START INFORMATION SUPPLIED

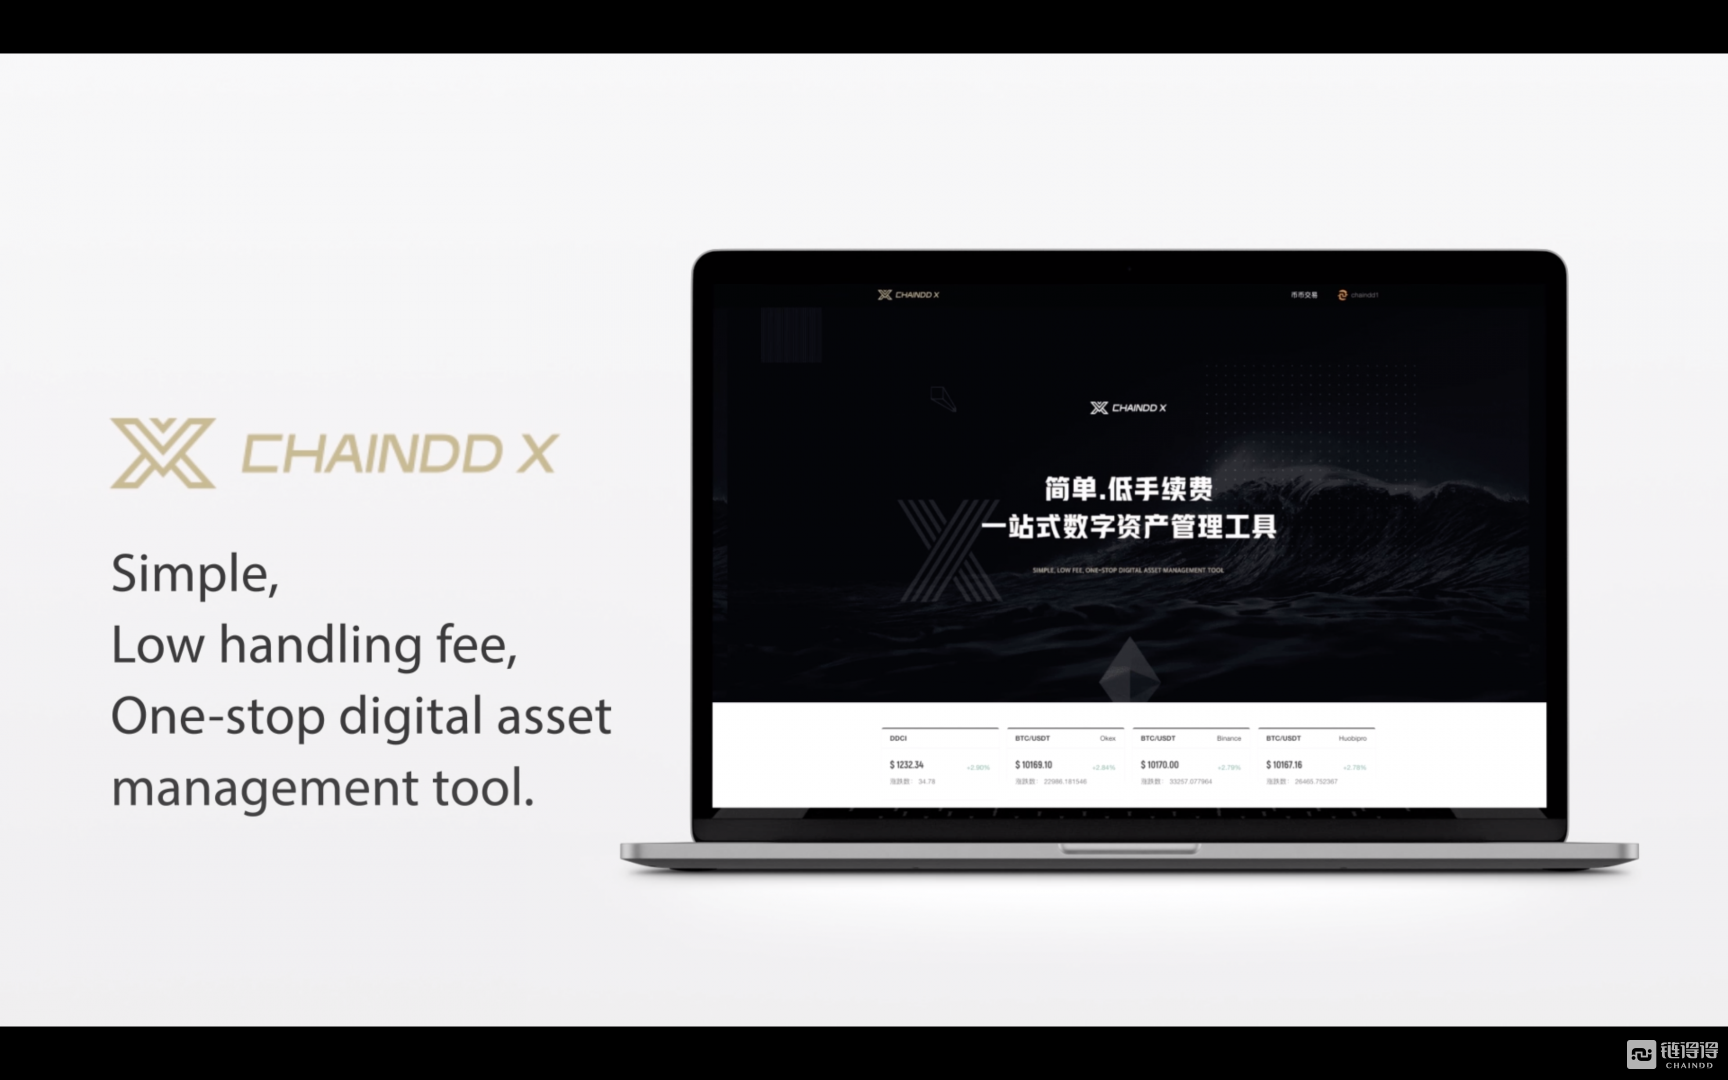 重磅官宣!链得得在纽约发布全新聚合型交易产品ChainDDx
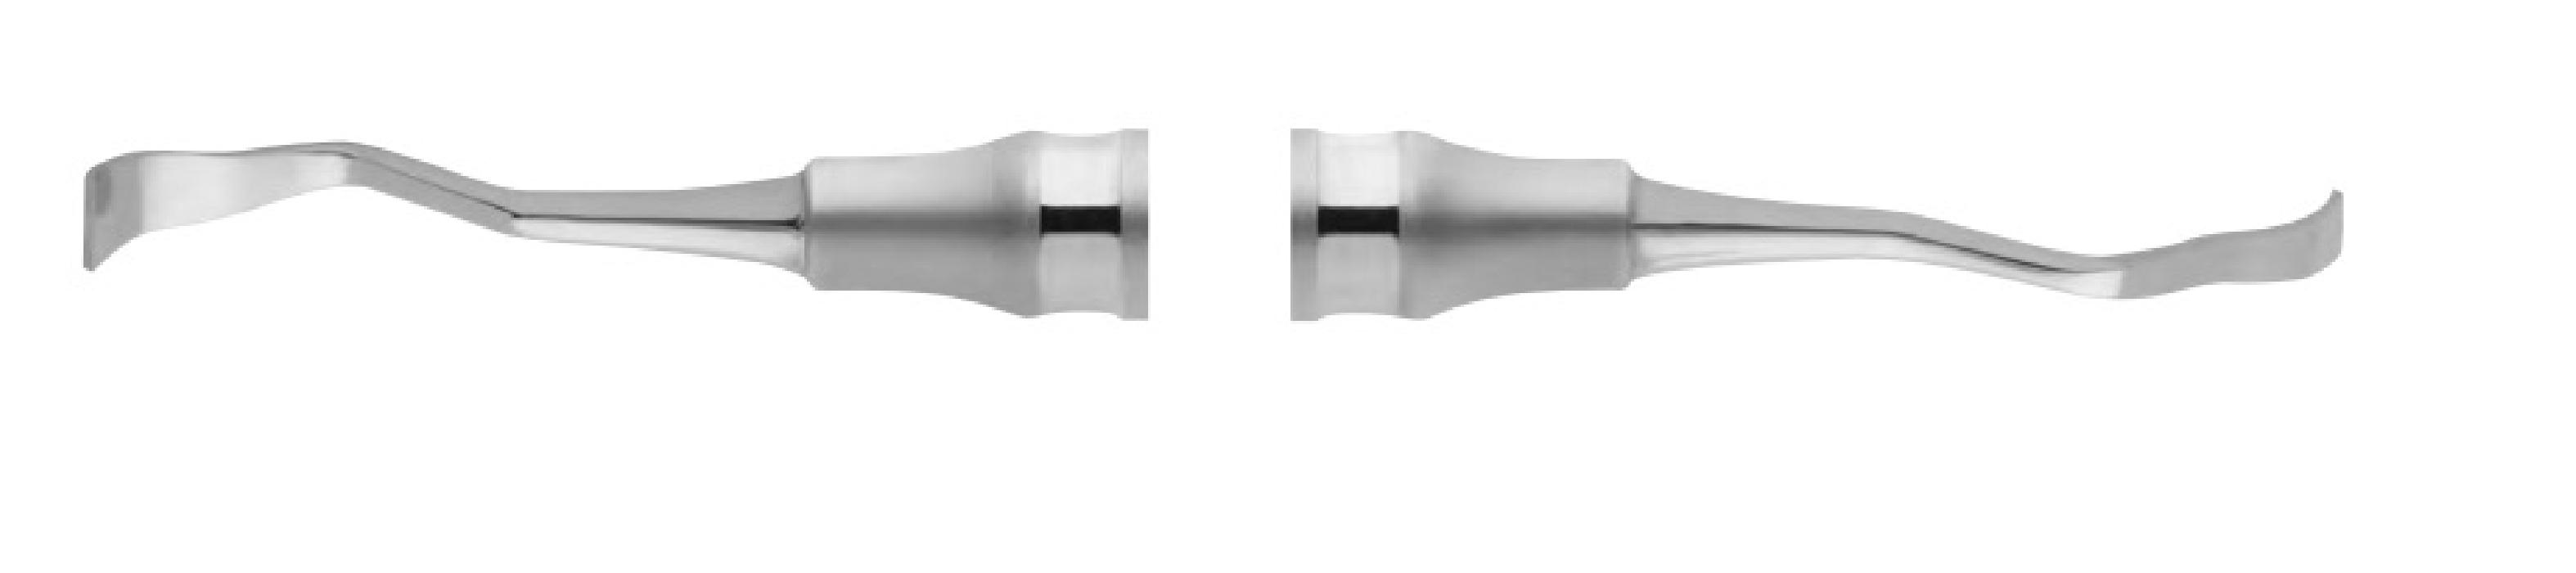 An image of Bone scraper
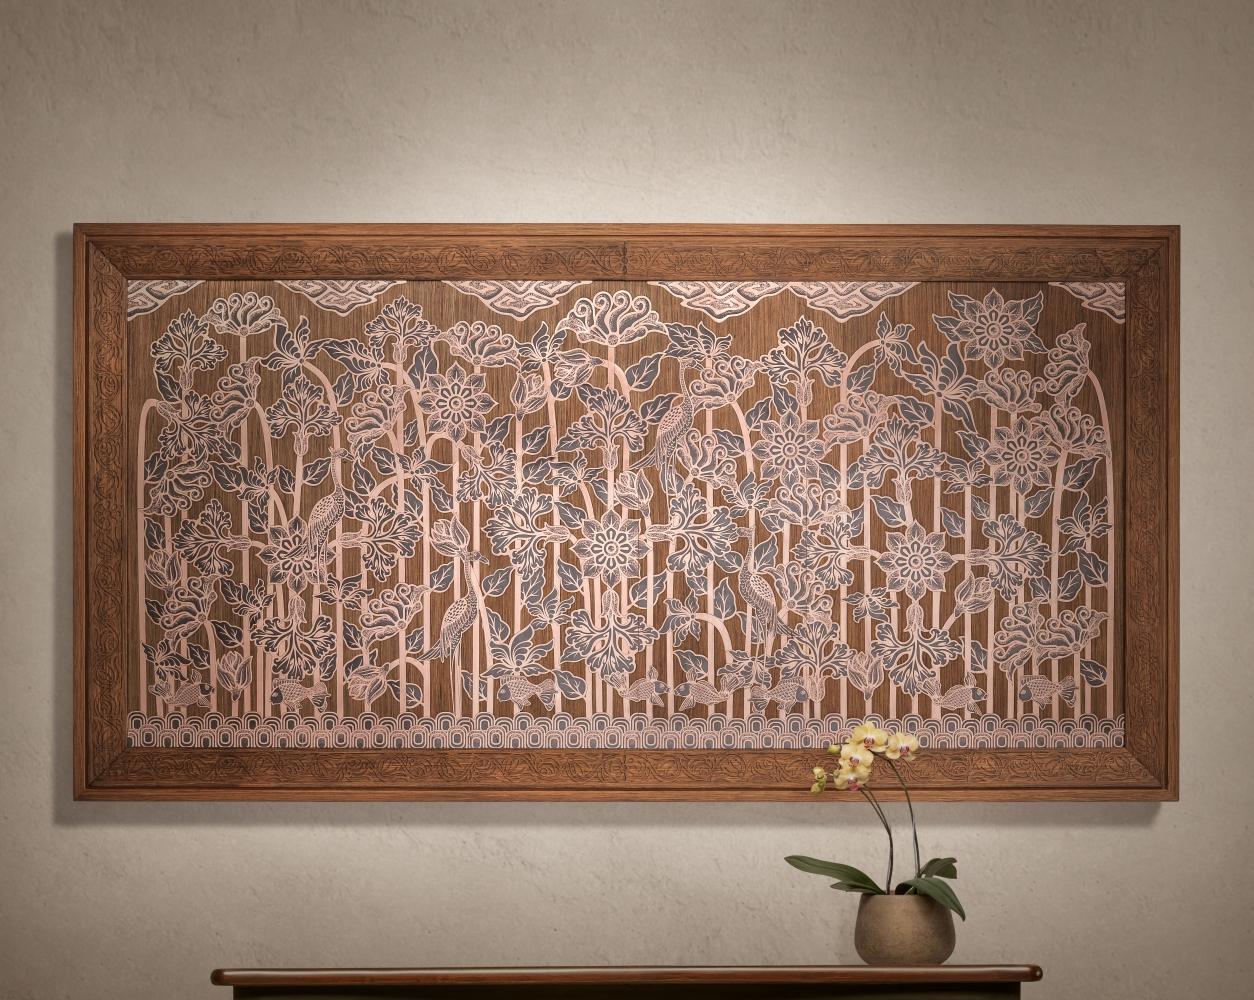 Home decoration products kriya nusantara for House decoration products
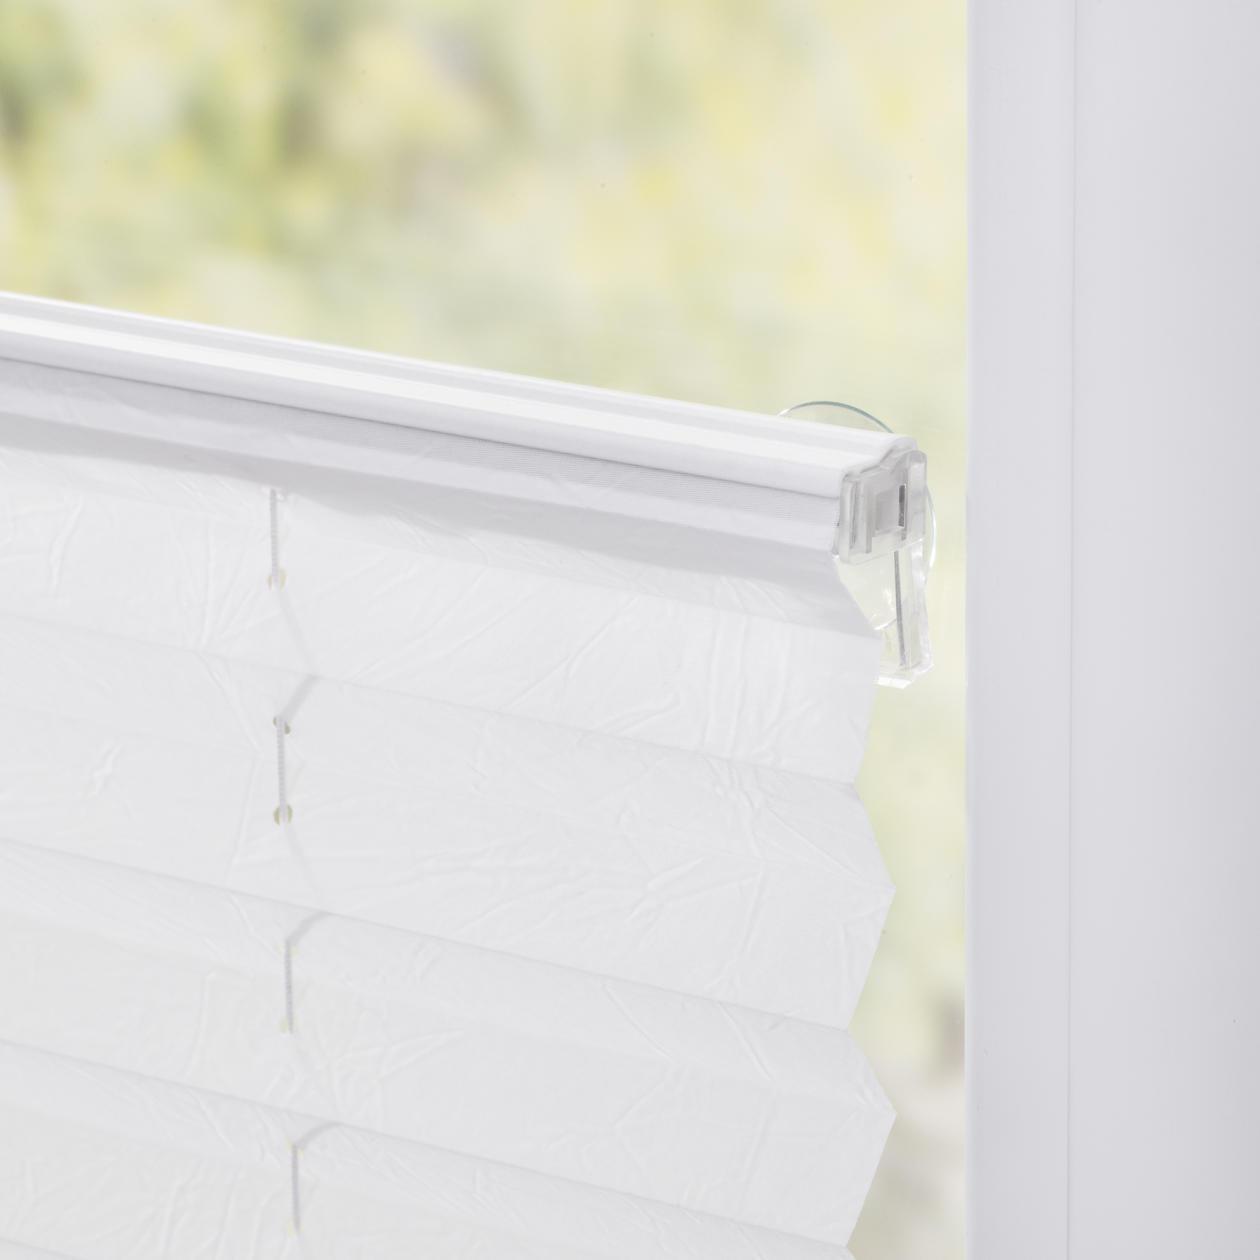 Plissee Für Feststehende Fenster Ohne Bohren : plissee haftfix ohne bohren blickdicht lichblick shop ~ Watch28wear.com Haus und Dekorationen
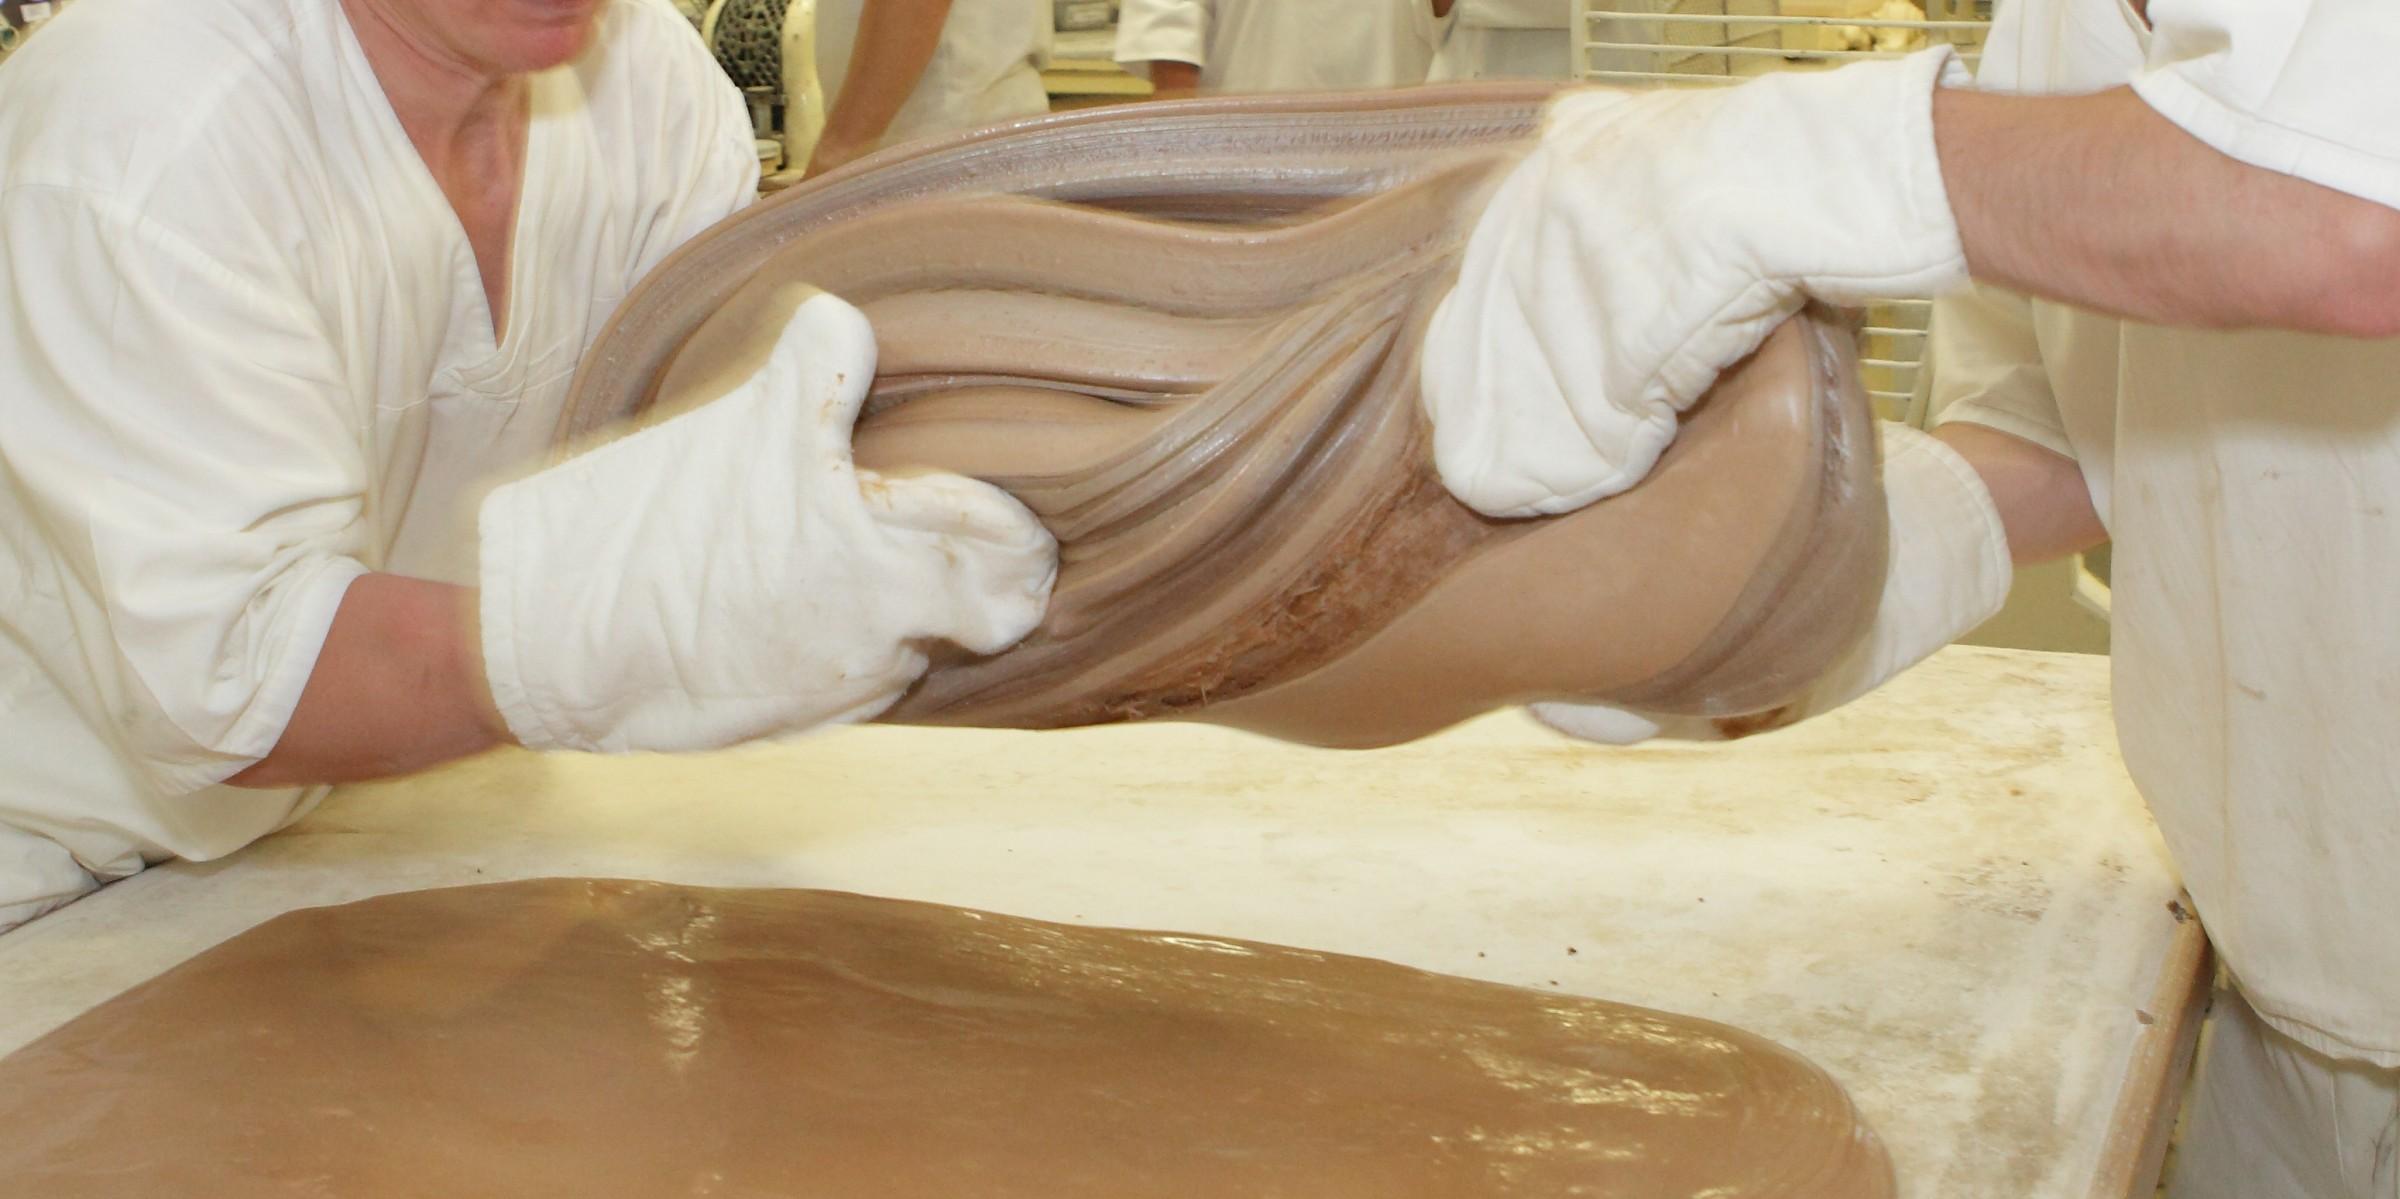 Badanie Wawel: Polacy chętnie sięgają po produkty wytwarzane ręcznie

END INFORMATION SUPPLIED

• _ASSIGNMENT_
Only text belongs in the copy: repeat each line of the data exactly and leave out the pictures.

• _ANSWER TO THIS TASK_
 重磅官宣!链得得在纽约发布全新聚合型交易产品ChainDDx
 An image of Bone scraper
 Home decoration products kriya nusantara for House decoration products
 Plissee Für Feststehende Fenster Ohne Bohren : plissee haftfix ohne bohren blickdicht lichblick shop ~ Watch28wear.com Haus und Dekorationen
 Badanie Wawel: Polacy chętnie sięgają po produkty wytwarzane ręcznie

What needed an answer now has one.